Home Equity Loan setup
Mike or Penny Novack
stepbystepfarm at mtdata.com
Sat Jul 20 14:55:40 EDT 2013
Bill Cummens wrote:
>Hello Michael,
>Let me first state that I am NOT a financial guy, so I apologize if my questions are basic. This is a 10 yr fixed loan. I am looking at my Disclosure Statement paperwork that I signed at the time of the loan. The last page (Net Settlement) shows:
>Loan Amount: 100,000.00
>Minus Total Settlement Charges: 1500.00
>Minus Total Disbursements to Others: 50,000.00
>Equals Total Disbursements to Borrower: 48,500.00
>
>The $48.5k is what was deposited into my account. Will the interest be on a $51,500 loan amount? The Amortization Schedule they gave me shows $100k as the opening balance so I guess that answers the previous question.
>
>
OK, first of all, this isn't like the usual "home equity line of credit"
loan that I described.
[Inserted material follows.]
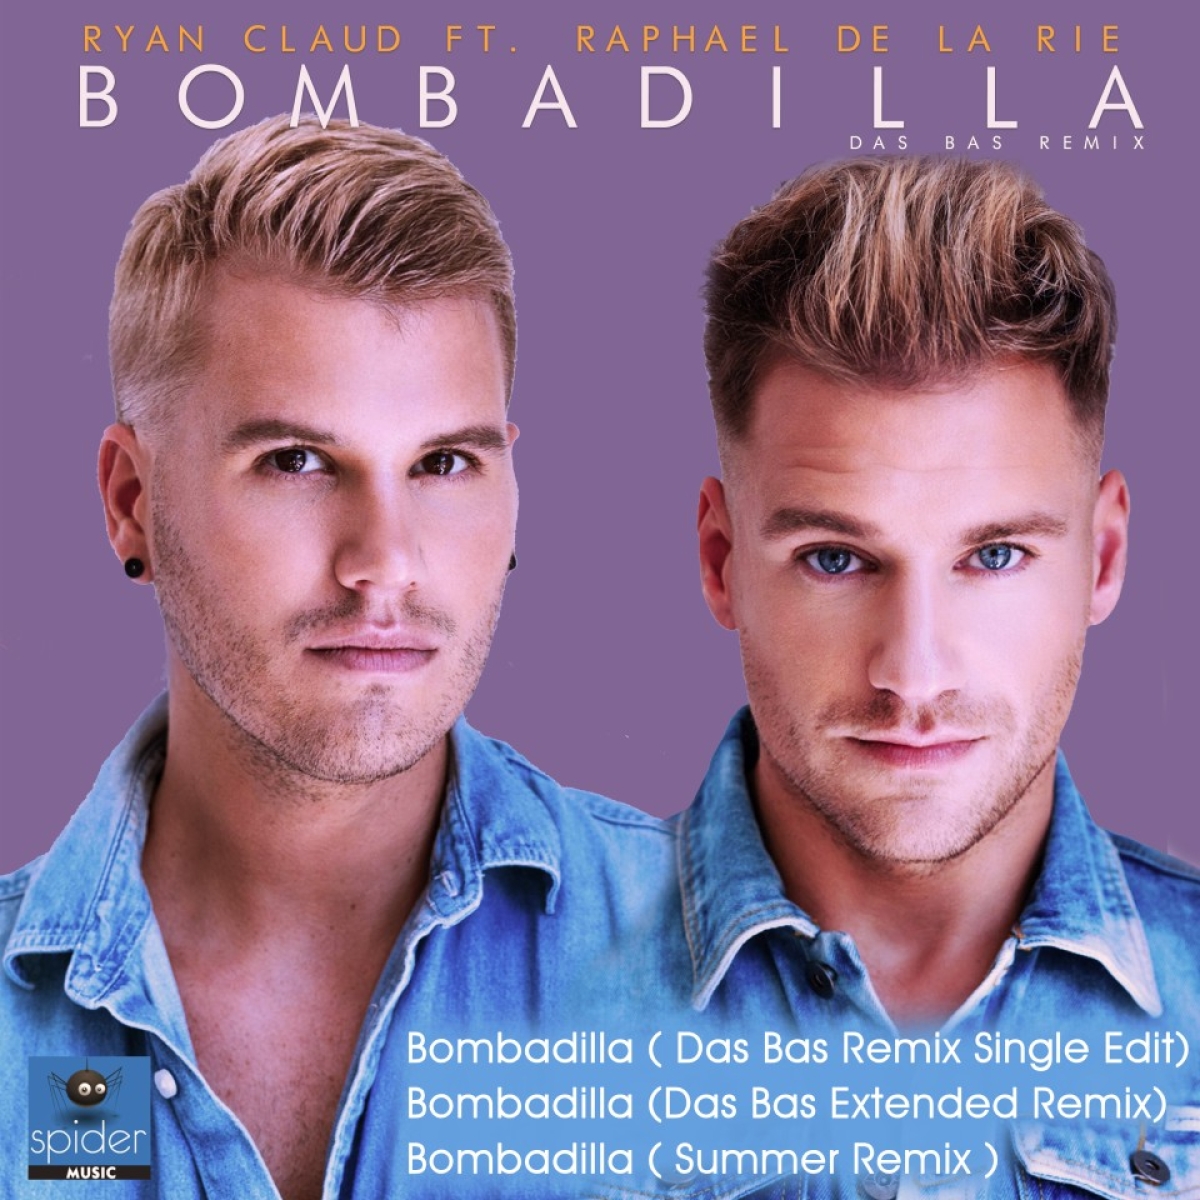 RYAN CLAUD FT RAPHAEL DE LA RIE – EP remix “Bombadilla” από την Spider Music

With those the "amount" is the MAXIMUM that can
be borrowed but you only owe the the balance you have borrowed so far
and only interest on that amount and that can usually go up and down for
some number of years after which the loan becomes a straight mortgage
for the remainder of the time.
Here is appears you have already taken out the full amount of $100,000
using $1500 for the "origination fee", $50,000 to pay off other
indebtedness, and have received $48,500. So you owe (and owe interest
on) the full $100,000.
Because you say you are "NOT a financial guy" I suggest you check with
the lender to confirm that this loan is not fact NOT like a more usual
"home equity line of credit". Because if it is no reason for you to have
taken out that $48,500 until you actually need it for something. If you
have that option (leave with them till you need to use it) you pay less
interest.
That being said, a good time to discuss straight mortgages and
amortization tables and the limitations for fully automated processing.
The sad truth is that there is NOT a single way to compute and
amortizations table, no agreement as to how many digits of precision to
use in the "present value" calculation, when and where to round off,
etc. That means that just as the payments calculated by two lenders
might not agree to the penny, neither would HOWEVER gnucash did the
calculation. You have to decide for yourself which is easier, automated
transactions that are only approximately correct and every now and again
you manually enter a correction or entering all of the transactions
manually in which case they can be exactly correct. After all, if you
are paying monthly, only twelve of these a year. I especially suggest
the latter if you will be including any extra principle amounts with
your payments as then that payment has to be manual.